PROBLEM TO WORK ON: Counting only lines that contain the word "Black", state the total for the listing below and nothing else.

══════════════════════════════

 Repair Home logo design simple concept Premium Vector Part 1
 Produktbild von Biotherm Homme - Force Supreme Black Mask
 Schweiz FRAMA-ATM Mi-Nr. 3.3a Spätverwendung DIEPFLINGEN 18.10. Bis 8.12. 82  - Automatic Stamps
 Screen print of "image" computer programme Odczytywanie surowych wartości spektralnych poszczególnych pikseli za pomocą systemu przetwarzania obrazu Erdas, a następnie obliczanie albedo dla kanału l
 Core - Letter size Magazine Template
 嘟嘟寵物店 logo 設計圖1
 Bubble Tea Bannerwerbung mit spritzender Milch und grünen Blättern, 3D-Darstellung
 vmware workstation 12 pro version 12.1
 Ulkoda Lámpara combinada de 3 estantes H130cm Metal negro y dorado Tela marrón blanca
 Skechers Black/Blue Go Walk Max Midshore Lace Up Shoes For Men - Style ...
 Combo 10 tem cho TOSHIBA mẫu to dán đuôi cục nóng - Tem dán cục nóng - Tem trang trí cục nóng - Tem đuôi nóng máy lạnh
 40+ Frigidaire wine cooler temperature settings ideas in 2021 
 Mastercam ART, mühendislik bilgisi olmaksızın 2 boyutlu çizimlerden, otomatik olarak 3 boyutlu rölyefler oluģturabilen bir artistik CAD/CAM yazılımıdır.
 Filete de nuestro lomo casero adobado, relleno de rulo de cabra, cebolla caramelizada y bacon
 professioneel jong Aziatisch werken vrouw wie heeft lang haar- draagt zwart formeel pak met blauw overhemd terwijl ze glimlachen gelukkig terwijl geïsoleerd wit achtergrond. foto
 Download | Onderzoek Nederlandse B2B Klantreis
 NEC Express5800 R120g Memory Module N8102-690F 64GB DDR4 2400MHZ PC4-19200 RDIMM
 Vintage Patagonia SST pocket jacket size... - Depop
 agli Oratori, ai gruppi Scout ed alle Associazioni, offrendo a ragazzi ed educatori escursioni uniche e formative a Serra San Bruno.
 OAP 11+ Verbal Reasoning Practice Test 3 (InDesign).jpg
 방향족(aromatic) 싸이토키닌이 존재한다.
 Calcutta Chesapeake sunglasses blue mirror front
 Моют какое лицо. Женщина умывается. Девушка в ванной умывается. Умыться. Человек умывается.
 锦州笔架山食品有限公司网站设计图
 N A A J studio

══════════════════════════════

REPLY: 2